18′ : Sur une attaque coté droit, le latéral d’Argyle dégage le ballon en corner. La tribune pousse à base de « Come on Rovers, come on Rovers! » (écoute-moi ça, mon coco). Le corner est tiré par Broghammer, le gardien dégage du poing, directement sur Anyinsah qui se couche bien et envoie le ballon de volée directement en lucarne! La tribune explose, et entame son chant favori : « Goodnight Irene » (pour le son : ici, pour l’explication : ici).
25′ : Nouveau corner pour Bristol, toujours poussé par les « Come on Rovers » et toujours poussé par Broghammer. Et ça fait encore but, c’est cette fois ci Lund qui se jette et fusille le gardien de la tête !
29′ : Mener au score n’est pas arrivé souvent cette saison, les supporters se permettent donc un petit chambrage en règle envers l’autre équipe de Bristol : « Who’s Bristol City? »
30′ : O’Toole n’est arrivé que depuis quelques jours au club, mais il sait comment se faire adopter ! Il dribble deux joueurs et décoche une frappe de 25 mètres qui vient passer au ras du poteau.
35′ : Le gros chauve du premier rang qui tente de lancer des chants différents toutes les 45 secondes à déjà postillonné approximativement 3 litres du mélange salive/bière dont il semble être constitué.
Mi-temps, le moment pour les supporters d’aller s’acheter des cafés et des soupes (je ne vois pas de bières, gueule de bois de premier de l’an ?). Comme nous sommes près de la buvette, c’est le moment de croiser les plus beaux supporters, notamment un respectable grand père, la soixante-dizaine bien tassée, arborant fièrement son bonnet « Gashead ’til I die ».

Hop, un roux.

Hop, un roux.

65′ : Sur un centre coté droit, Hourihane croise une reprise dans le petit filet et redonne l’espoir à la « Green Army », qui se fait entendre pour la première fois du match.
68′ : Berry lance une superbe reprise en ciseau tel Luiz Fernandez. Incontestablement le plus beau geste du match. Dommage qu’il vise l’entrejambe d’Anyinsah plutôt que le ballon. Carton jaune.
76′ : Rentrée de Matt Lecointe pour Plymouth. Il doit avoir un contentieux avec les Rovers puisqu’il est interpellé par nos voisins sous le surnom imagé de « Shithead ».
80′ : Grosse tension dans toute la tribune, il faut dire que les Rovers n’ont pas gagné depuis 6 matchs. Malgré tout, Plymouth a du mal à se montrer dangereux.
82′ : Grosse frappe de Hourihane qui part en lucarne, mais Mildenhall se détend et claque le ballon. Bristol mène toujours.
94′ : Explosion de joie dans tout le stade. On relance un petit coup de « Goodnight Irene », on attend que les joueurs viennent applaudir la tribune puis on quitte le stade.

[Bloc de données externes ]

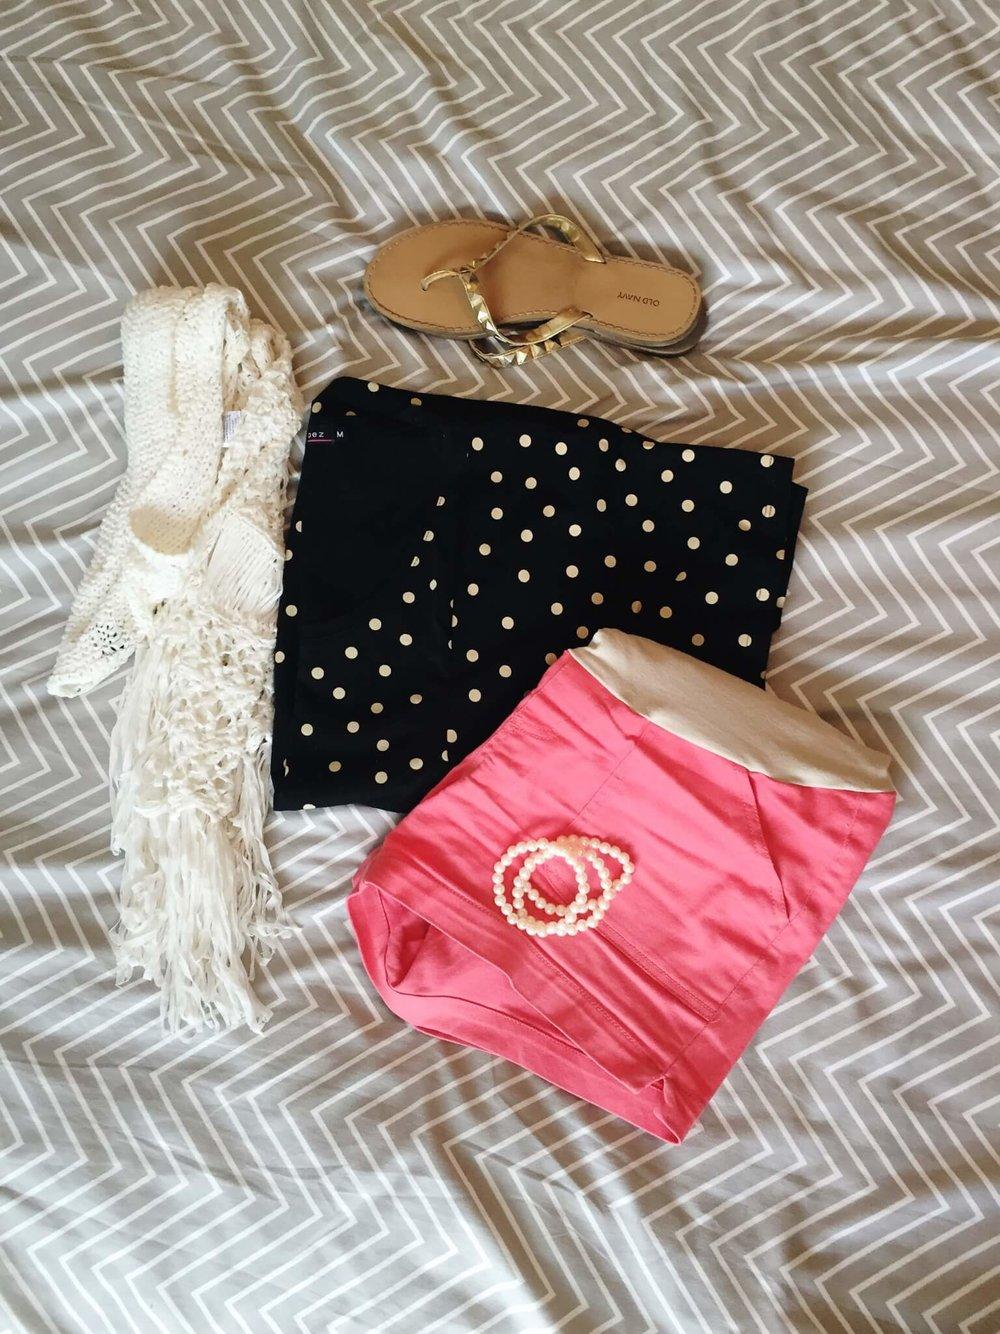 Tee + Crochet Vest + Shorts + Sandals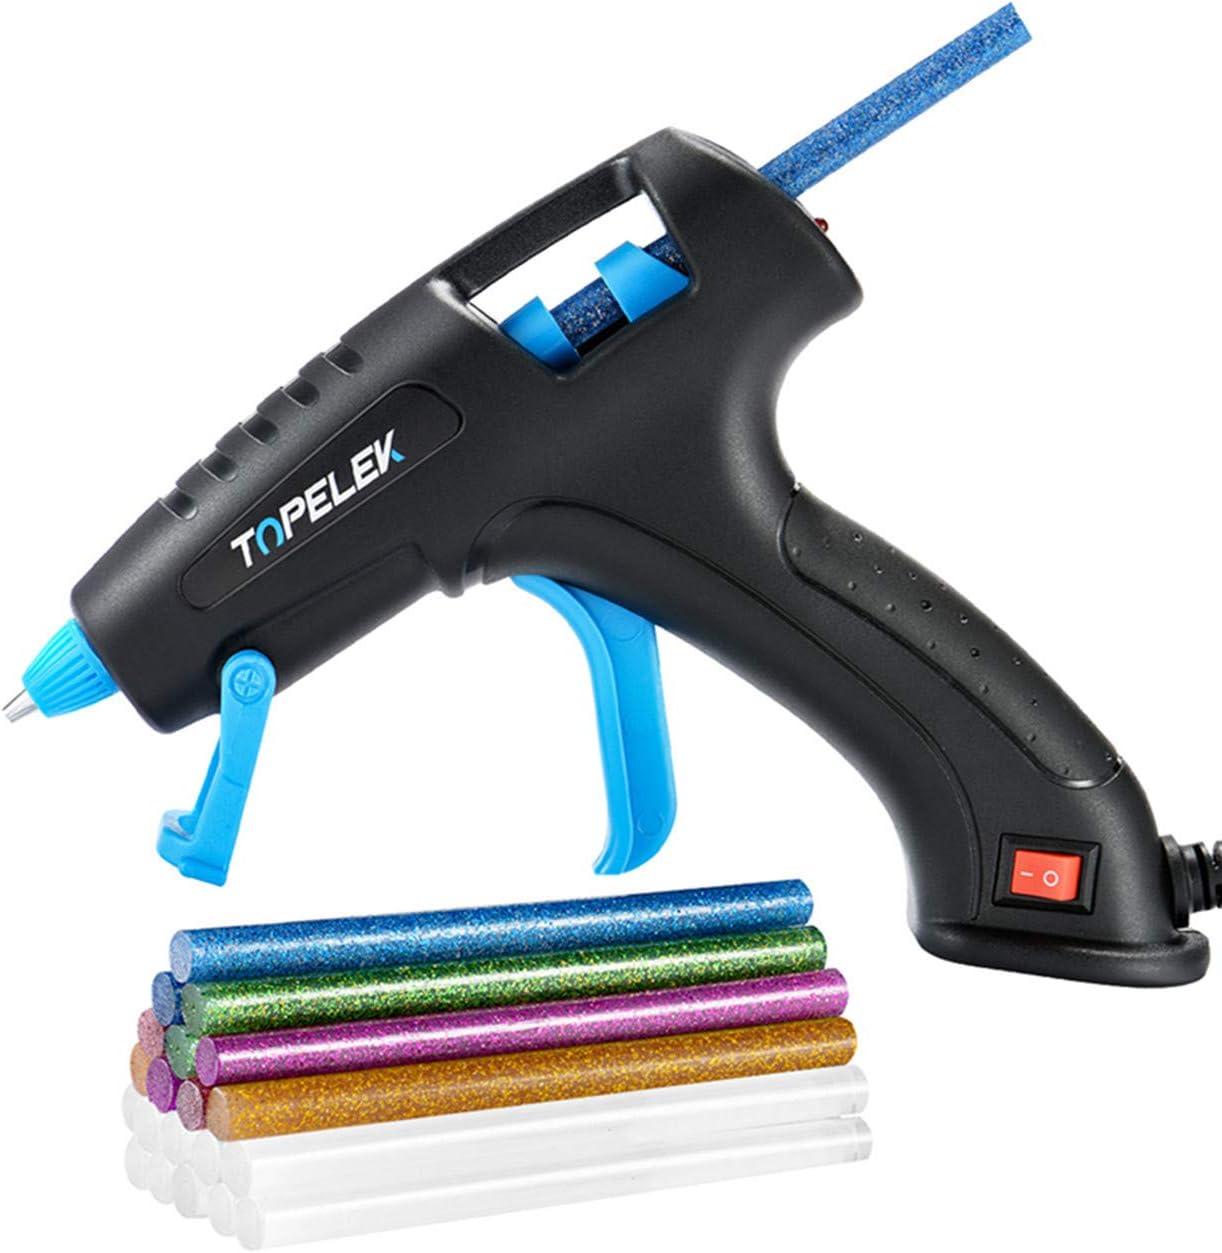 TOPELEK Hot Glue Gun, 30W Glue Gun Kit with Longer Handle, 3 Finger Protectors, 20pcs Glue Sticks, Melting Gun for Small DIY Projects, Arts & Crafts, Home Quick Repairs, Black: Home & Kitchen

Pour finir cher lecteur, sache que si tu as pu avoir le plaisir, la chance et l’honneur de lire ce résumé, c’est uniquement en raison du sacrifice de Darksidounette, qui m’a accompagné à ce match. Un grand merci à elle (et à moi aussi, parce que je dois aller voir un ballet en contrepartie quand même).

[1] L’auteur de cet article est un fervent contributeur du fil lyonnais sur les Cahiers du Football. Bien qu’arrogant, petit et adipeux (puisque Lyonnais), il n’en demeure pas moins sympathique.